Let $W: \mathbf{R}^d \to \mathbf{R}$ be a convex function such that $\int \exp(-W) = 1$, and define probability measures $\mu_y$ by
$$\mu_y (dx) = \exp( - W (x - y)) \,dx,$$
i.e. each $\mu_y$ is a translation of the measure $\mu_0$ in the direction $y$.
Now, let $V: \mathbf{R}^d \to \mathbf{R}$ be another convex function which is uniformly quadratically convex with parameter $m > 0$, i.e. $V''(x) \succeq m\cdot I_d$ for all $x$.
Define reweighted measures $\nu_y$ by
\begin{align} \nu_y (dx) &= \exp( - W (x - y) - V(x) + F(y)) \,dx \\ &= \mu_y (dx) \cdot \exp( - V(x) + F(y)), \end{align}
with $F(y)$ chosen so that $\nu_y$ integrates to $1$.
For some specific choices of $W$, it is possible to show that this reweighting operation is a contraction, in the sense that
\begin{align} d ( \nu_{y_1}, \nu_{y_2}) &\leqslant \kappa_{V, W} \cdot d ( \mu_{y_1}, \mu_{y_2}) \\ &= \kappa_{V, W} \cdot | y_2 - y_1 | \end{align}
with $\kappa_{V, W} < 1$, and $d$ some transport distance.
For a bit of intuition, one can imagine that $\kappa_{V, W}$ gets smaller as the strength of the reweighting operation grows, e.g. as $m$ increases. I am not making a rigorous claim to this effect.

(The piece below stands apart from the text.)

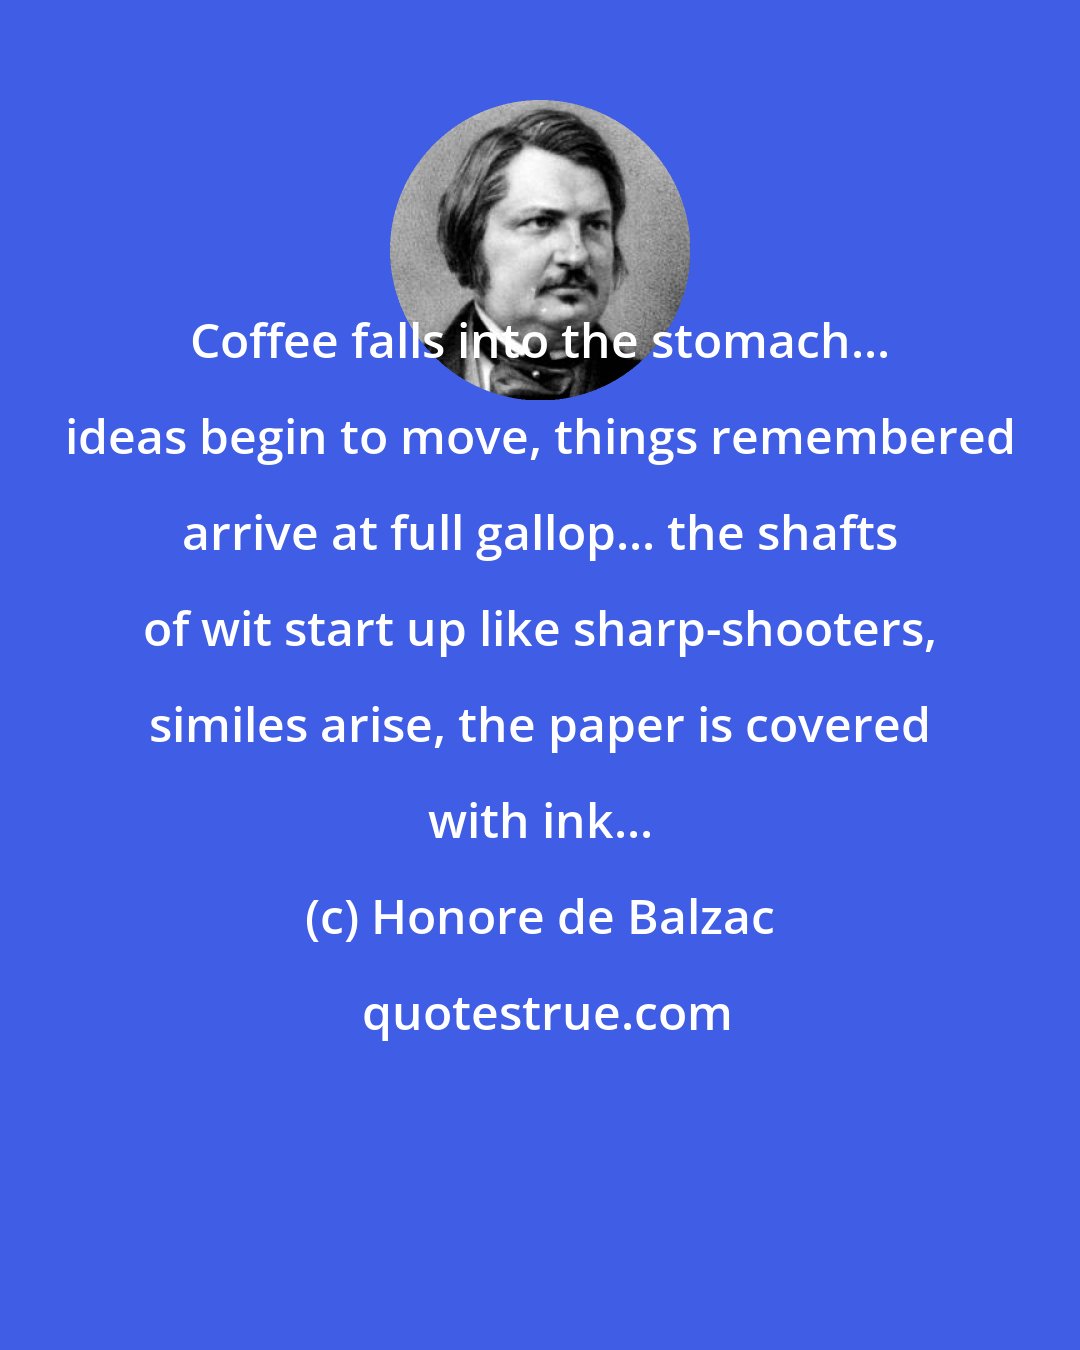 Honore de Balzac: Coffee falls into the stomach... ideas begin to move, things remembered arrive at full gallop... the shafts of wit start up like sharp-shooters, similes arise, the paper is covered with ink...

My question is: is there a general result which would guarantee that, given a specific $(V, W)$, there exists a $\kappa_{V, W} < 1$ such that the earlier estimate holds? In the best case, I would also hope for quantitative estimates of $\kappa_{V, W}$.
I could believe that one might need to make further assumptions on $W$ as well (e.g. uniform convexity, smoothness), but I would ideally like to avoid this.